Atlas locos vary in quality. Some of their old ones were dogs, but newer Atlas can be excellent runners. Some Atlas locomotives have mechanisms that are actually made by Kato. This Japanese company is famous for excellent quality. I own many of their N-scale locomotives and they are all great, in my opinion. Kato also makes some HO-scale locomotives under their own brand name.

Intermountain, and Stewart, are also well-regarded brands of HO-scale locomotives. Both companies have used Kato drives in some of their locos.

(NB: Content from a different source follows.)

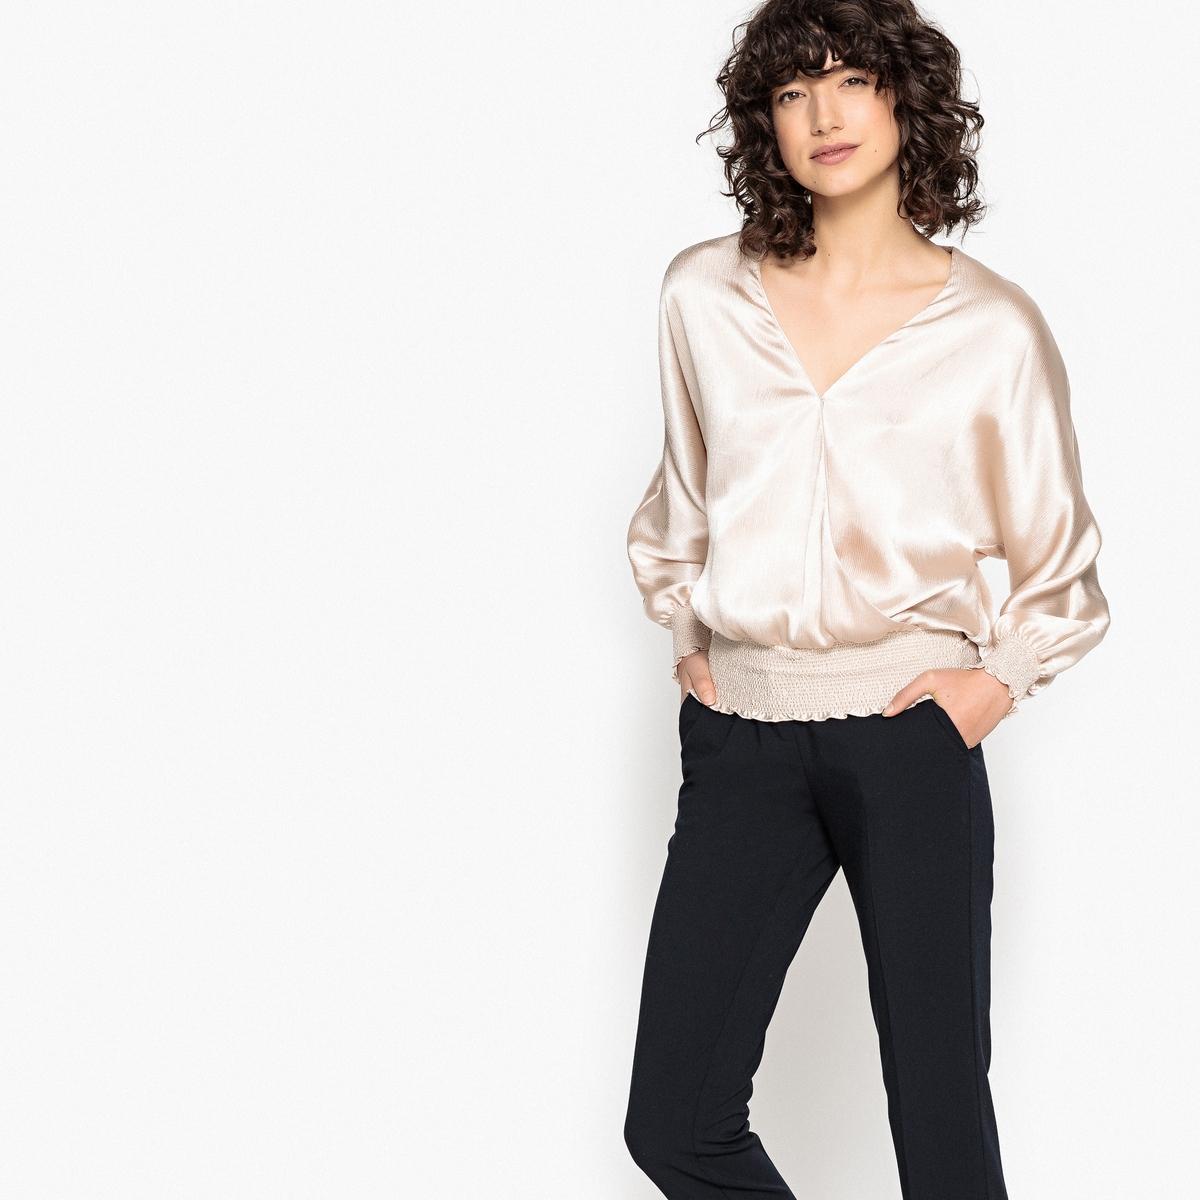 Блузка La Redoute В форме каш-кер края рукавов со складками 34 (FR) - 40 (RUS) розовый пижама каш кер

Actually, you may find that nearly any model locomotive made in the last 5-10 years will run well. There has been tremendous improvement in running quality in recent years. 
You said you wanted factory installed DCC. I don't know if you want sound also. Many factory installed DCC decoders do not have sound. The reason is cost. A dc loco will be cheaper than a DCC loco, and a loco with both DCC and sound will be the most expensive of the three options. Beyond that the price differences are usually based on the amount of fine detail the locomotive comes with. 
That's about all I can tell you. I'll leave more advice to those with more recent HO-scale experience. 

Good Hunting;

Traction Fan:smilie_daumenpos:


----------



## GNfan (Jun 3, 2016)

Be aware that if that Athearn is an "in the Blue Box" it's a kit - the railings are unpainted wire you have to paint and attach; and you also have to attach some unpainted detail parts like the horn and bell.


----------



## DavefromMD (Jul 25, 2013)

Just a word of warning in buying model train items, particularly locomotives, on ebay. My rule of thumb is if the person doesn't seem to know anything about model trains, I won't buy it. I've been burned once on that. One way to tell is if that is all they sell, they most likely know what they are selling. If they sell a bunch of other stuff, chances are they are selling estate sale finds and don't know anything about what they have.


----------



## mesenteria (Oct 29, 2015)

If cost is your principal criterion, you'll get what you pay for.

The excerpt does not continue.